In the first on-the-record comments by a media partner in the NBA‘s pending $76 billion rights bonanza, Comcast President Mike Cavanagh said the league will be a fixture for NBCUniversal for “decades to come.”
The exec said Comcast expects an 11-year deal with the NBA will “soon” be announced. Thus far, a drip-drip series of reports in various media outlets, attributed to anonymous sources, have indicated that Disney has re-upped with the league. A third package is being pursued by Prime Video and Warner Bros. Discovery. After reports indicated Amazon had secured the rights, WBD on Monday said it was asserting its matching rights, introducing a wrinkle in the long-gestating set of agreements.

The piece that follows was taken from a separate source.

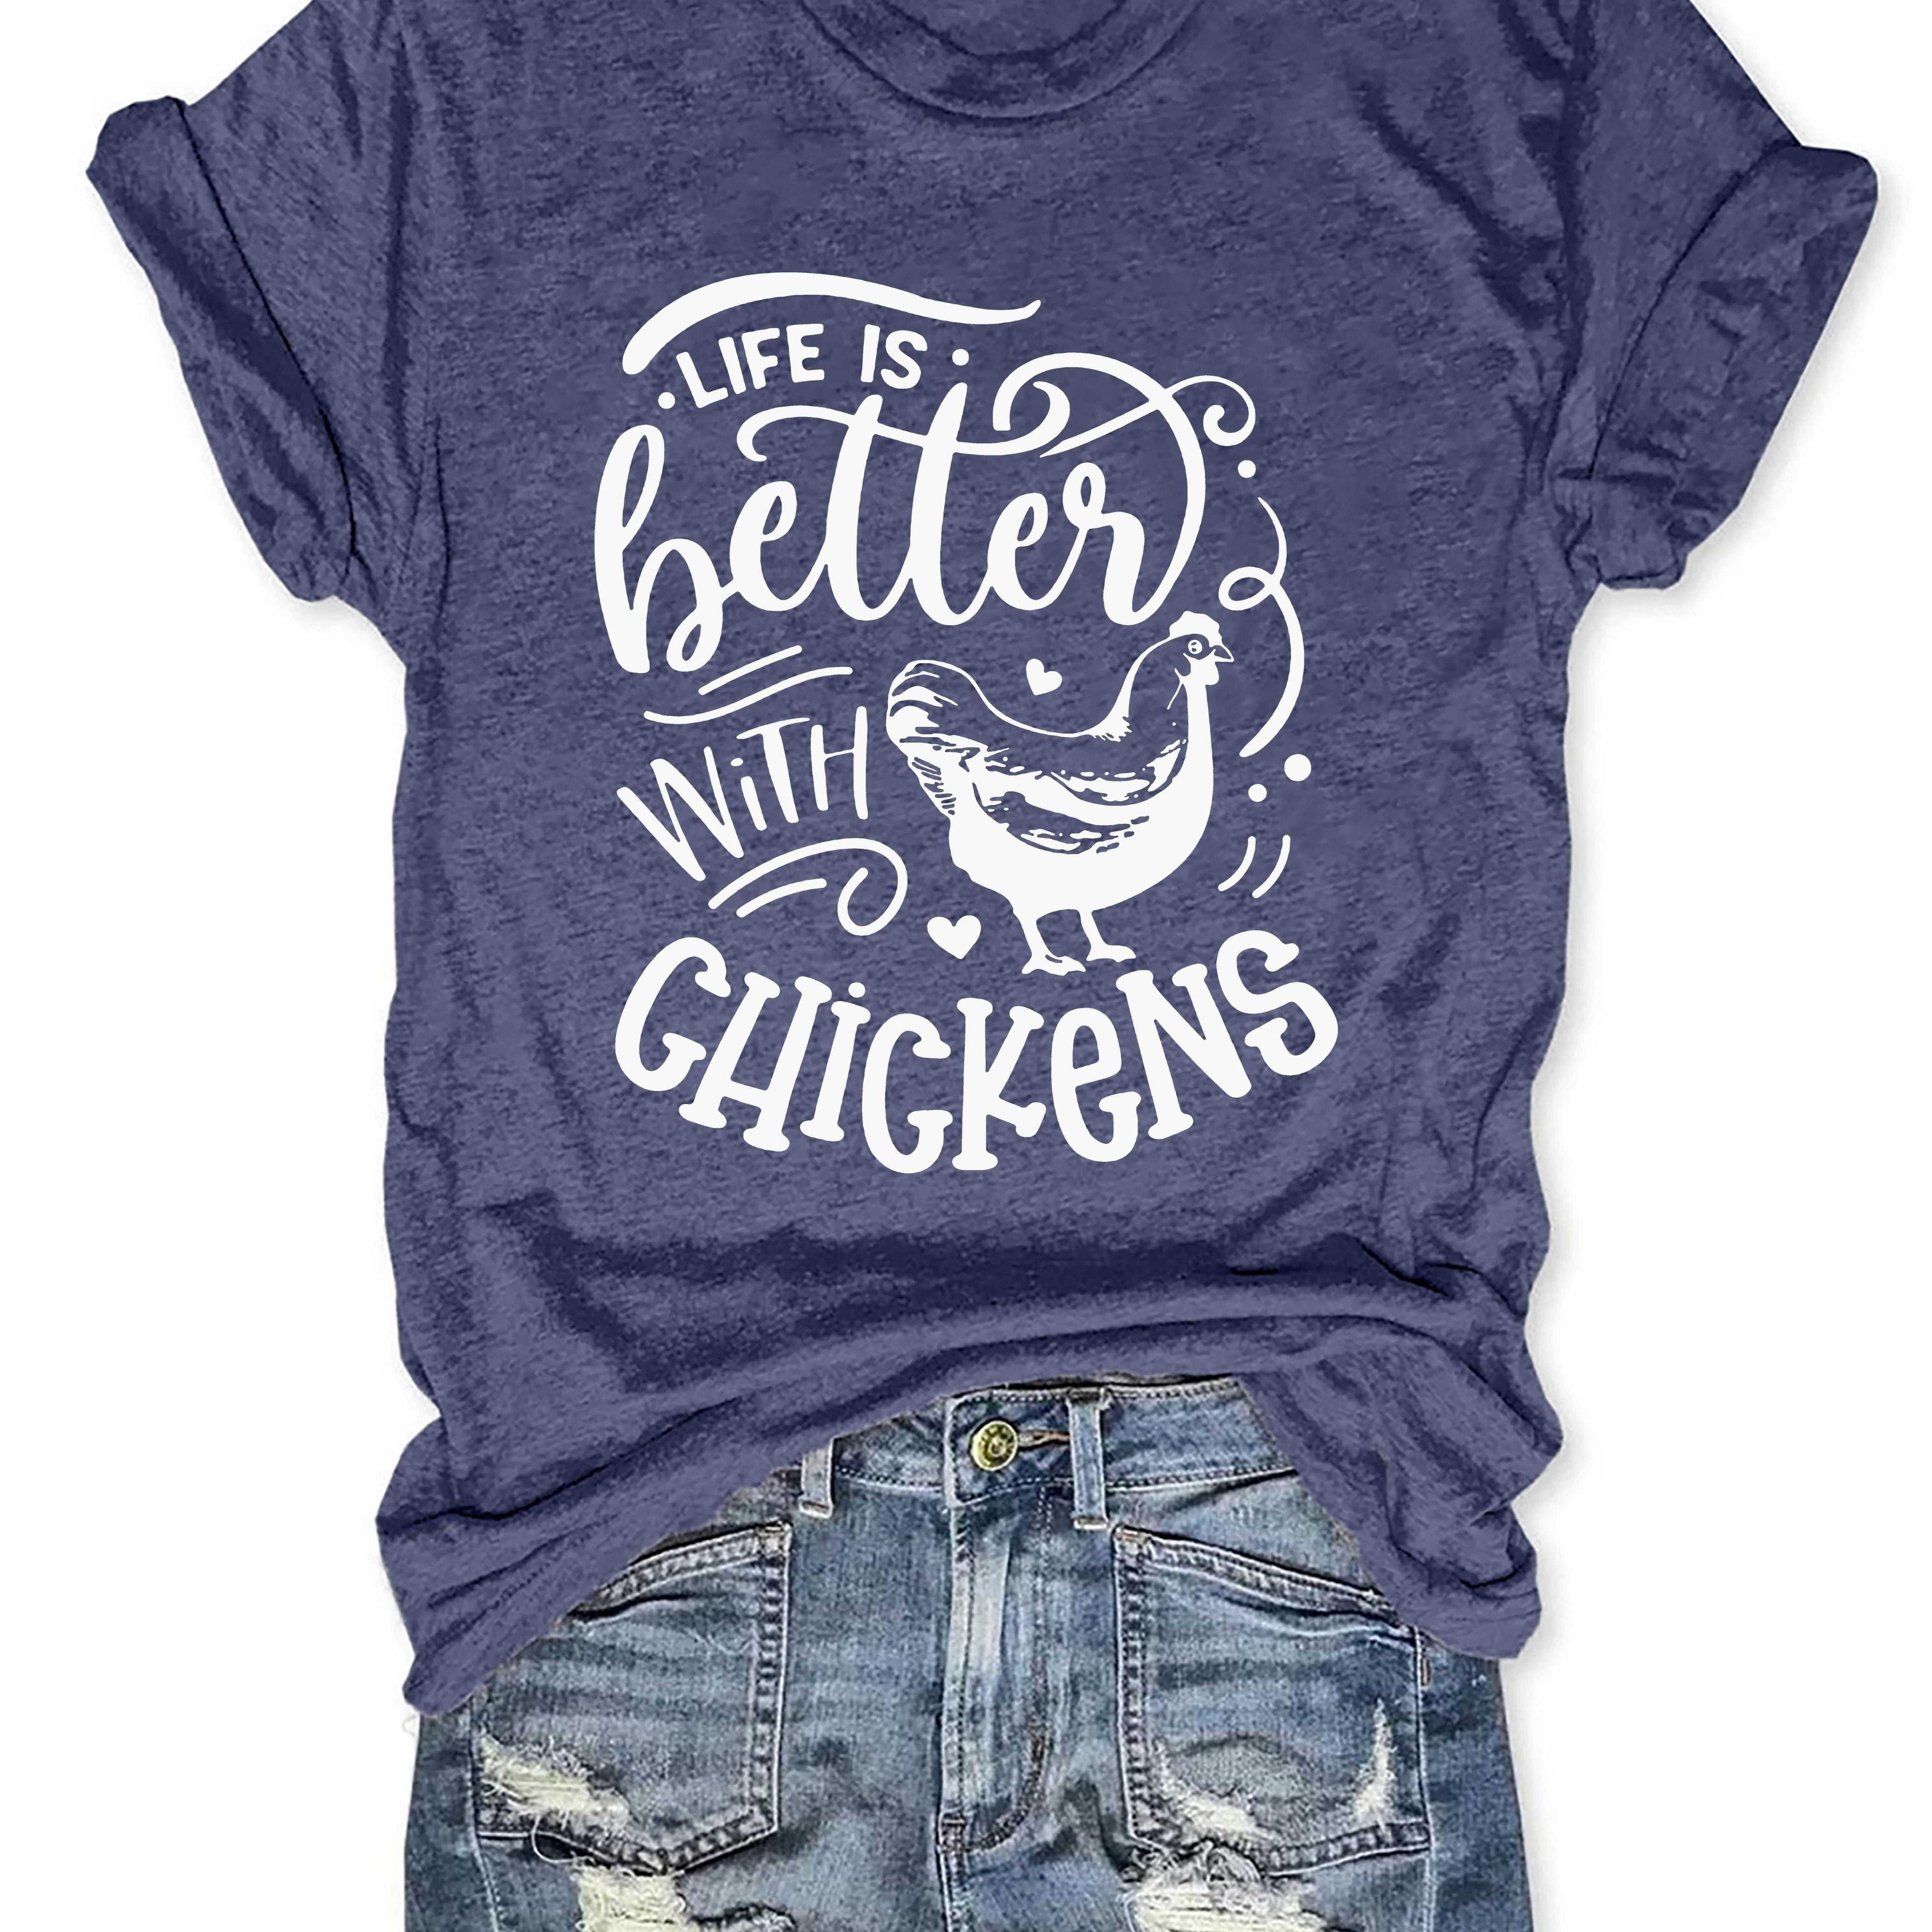 

Chicken & Heart Print T-shirt, Short Sleeve Crew Neck Casual Top For Summer & Spring, Women's Clothing

“We don’t believe that the resolution of matching rights will affect the package that we expect to be awarded,” Cavanagh said on Comcast’s second-quarter earnings call.
Cavanagh did not confirm reports that Comcast shelled out a hefty $2.5 billion on average per year, but he did provide some details of the rights that were secured. Starting with the 2025-26 season, he said, 100 regular-season games will air across NBCU platforms, more than what appears on any other NBA partner’s outlets (or via WBD or Disney, the current rightsholders). First- and second-round playoff series will also be exclusives, as will six conference finals over the 11-year deal term.
Peacock will get 50 exclusive regular-season and post-season games, Cavanagh said, including national Monday night games and doubleheaders. WNBA games are also part of the package, with that league seeing spectacular ratings momentum over the past couple of years.
The NBA “brings in a broad, diverse and youthful audience that is culturally relevant,” the exec said. Its arrival is a “testament to our breadth and reach.” NBC was a key media partner of the NBA during the league’s meteoric rise as a global force in the 1980s and 1990s. The network’s coverage of Michael Jordan’s run of championships was a cornerstone of sports media during the latter part of the 20th century, before ESPN and ABC took over the NBC package in the early 2000s.
The addition of the 9-month NBA season also “completes our year-round calendar of sports,” Cavanagh said, pointing to other marquee properties like the NFL, Premier League, golf and the Olympics.
Comcast, Cavanagh emphasized, will be “putting the full weight of our company behind the NBA for decades to come.”
The NBA’s media deals represent the next milestone in a run of major sports-rights transactions, highlighting the value of live sports not only to pay-TV but for streaming platforms.